Как и договорились с Наташкой, Санька при выезде из села начал тесать палочку, обвешив стружками дорогу до самого своего загона. Приехав на место Санька, в долу «Шишколе» выпряг лошадь, поставив телегу на цветущем лужке. Перепрягши лошадь, в оральный хомут с постромками и зацепив плуг, приступил к пашне…
Вырядившись во все новенькое, Наташка с форсом проплыла по улице, направляясь в поле, в кошёлке неся обед отцу. Она так нарядилась, не для глаз всех, а только для глаз Саньки, чтобы еще сильнее ему понравиться. При выходе из села, Наташка, сразу же увидела на дороге заветные стружечки. Наклоняясь, подняла одну и озираясь кругом, чтобы это было в тайне, любезно поцеловала ее.
По дороге войдя на пригорок, миновав «большую дорогу», она стала пристально вглядываться вдаль, в надежде взором отыскать серую лошадь, на которой пахал Санька. Ее ни так интересовала своя каряя пашущая лошадь, а серая, за которой держась за поручни плуга, должен шествовать ее любимый Санька. Встречь солнца ничего не видно, она ковшиком сложив ладонь, приложила ее ко лбу, в виде козырька, стала пристальнее вглядываться в волнисто-текущую маревом даль. От встречного, резвого ветерка, глаза у нее заслезились, зарябило в глазах, взор ее туманно на время заслепился. Тягучее-волнистое марево, досадно искажало фигуры лошадей и пахарей. Ее взору, как на грех, представлялись больше то карие, то гнедые лошади, а серая как-бы издевательски, долго, не попадала под её устремленный вдаль взор. Наконец-то, на краю поля, глазами своими она уловила нужный ей цвет лошадиной масти, и знакомую фигуру Саньки. Радостно улыбнувшись, она ускорила шаг и незаметно для себя, очутилась около поросли орешника, вязов и кленов, овражка «Ореховых штанов», где пахал её отец. Отцу, Наташка принесла обед и в бураке ядреного холодного квасу.
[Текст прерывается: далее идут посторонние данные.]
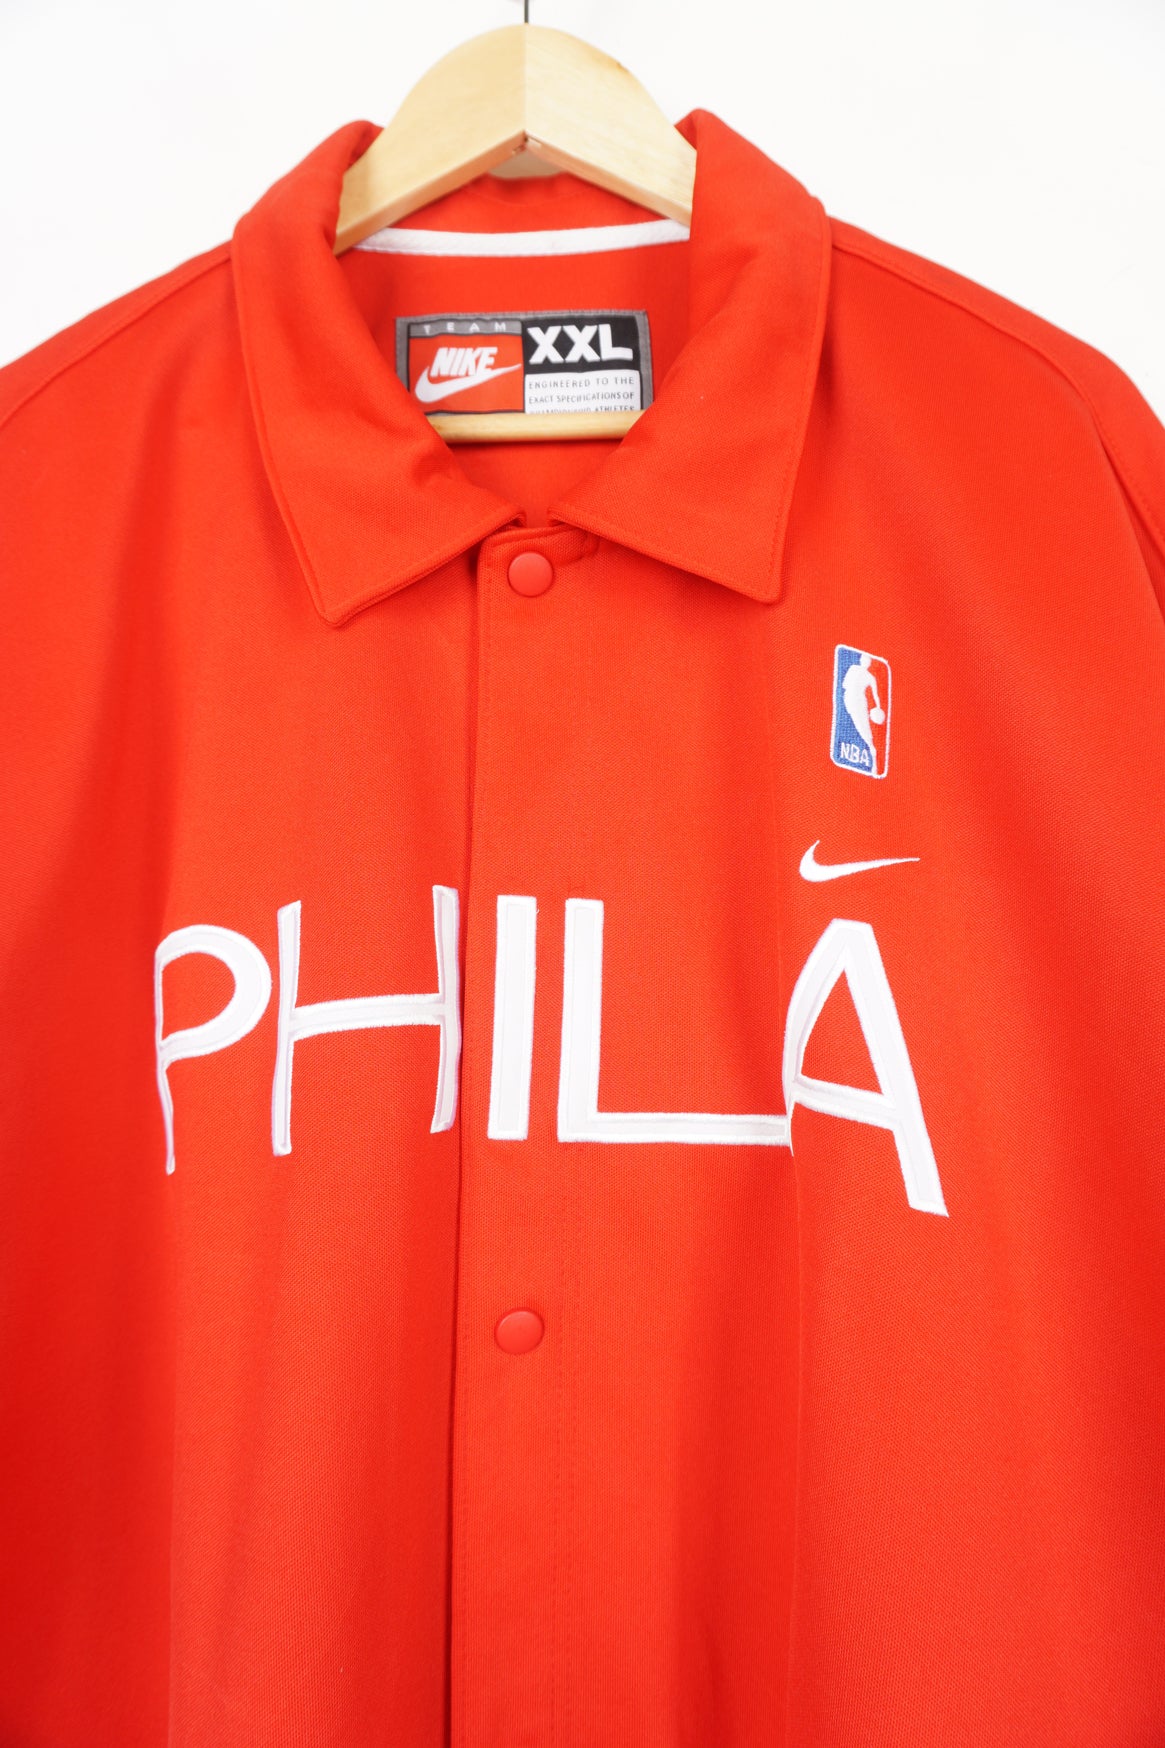 Vintage Philadelphia 76ers Jersey Blank S – Laundry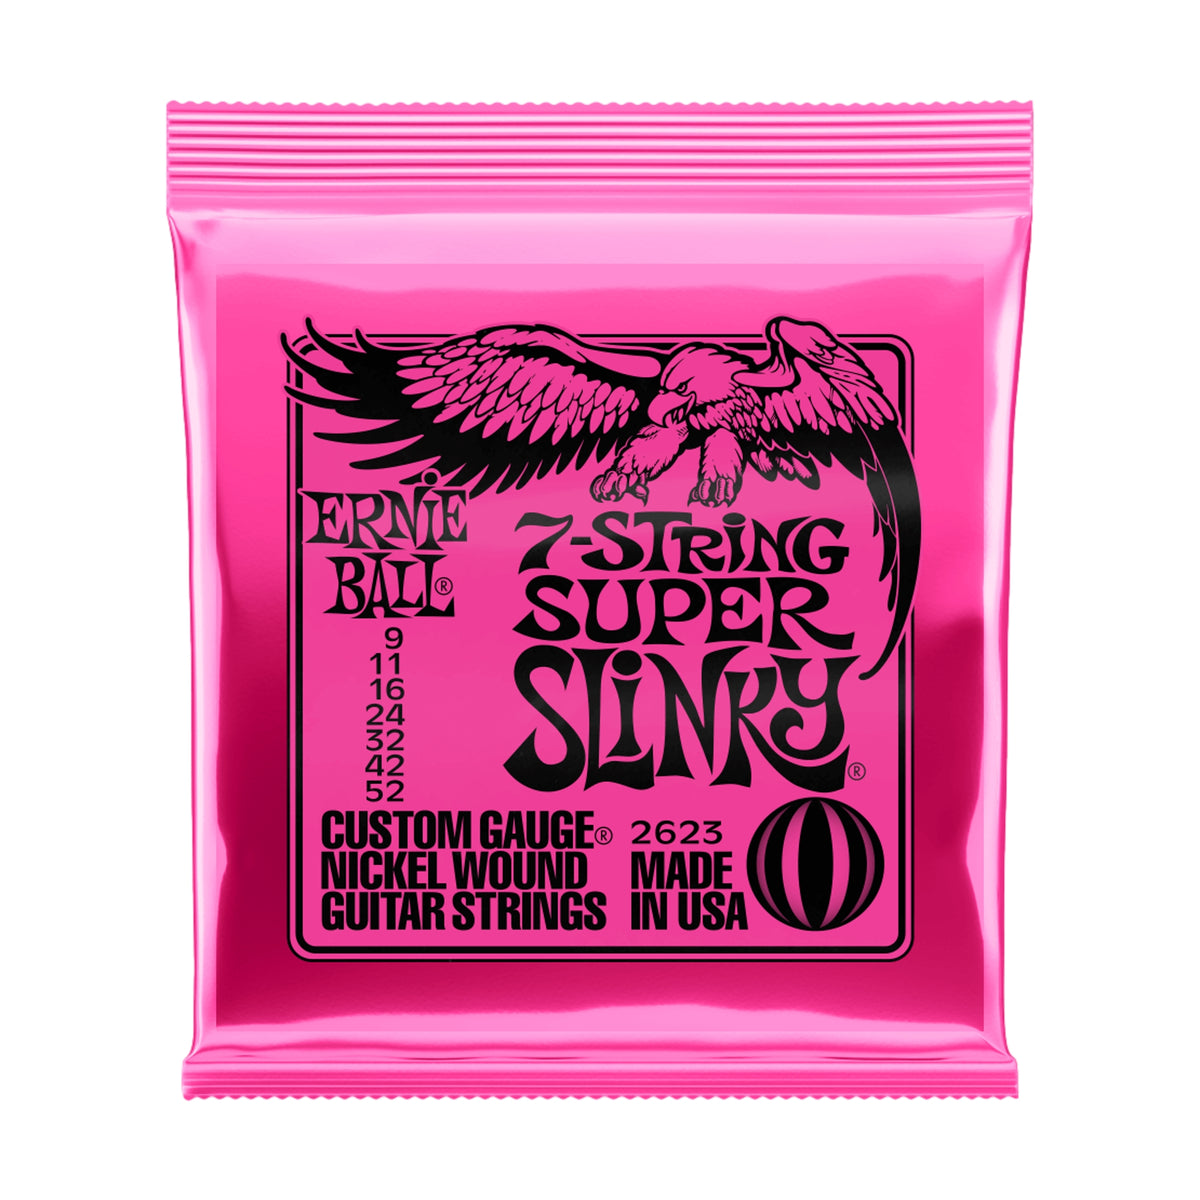 Ernie Ball Super Slinky 7-String Nickel Wound Electric Guitar Strings 9-52

– Тятеньк, я пойду схожу на поселок Баусиху? Узнаю, как там моя подруга Зойка живет? – спросила Наташка у отца.
– Возьми да и сходи! – не возражая согласился Емельян.
Она подошла к месту пашни Саньки, по оврагу, так что Санька и не заметил ее прихода. Шагая за плугом по борозде, он в это время удалялся в дальний конец загона. Она невольно, заметила, как у удаляющегося Саньки, сверкает оголенное место в дырке, пониже поясницы, на самой ягодице. Эта дырка в штанине, у Саньки, образовалась сегодня утром, когда он стал снимать с телеги плуг – нечаянно задел плужным зацепом за штанину: треснула непрочная материя и образовалась дырка в форме сапожка. Завиднелось из дырки голое тело, но в поле не в селе – люди не видят и он тут же успокоившись забыл о ней. Издали, завидя Наташку Санька обрадовался, повеселев, ускоренно зашагал по борозде, задорно прикрикнув на Серого: «Но!»
– Пришла! Нашла! – путаясь в словах проговорил, улыбаясь, Санька подъезжая с плугом к телеге и вонзив плуг в упругую дернину луга. Он пустил лошадь попастись на лужок, а сам бросился к Наташке, нежно обнимая и лаская, не спрашивая стал крепко целовать ее. Они присели на лужайке в тени под телегой. Полулежа Санька прильнув к Наташке, любезно проговорил:
– Я что-те не пойму, откуда исходит такой приятный запах? Или от цветков, или от твоих волос?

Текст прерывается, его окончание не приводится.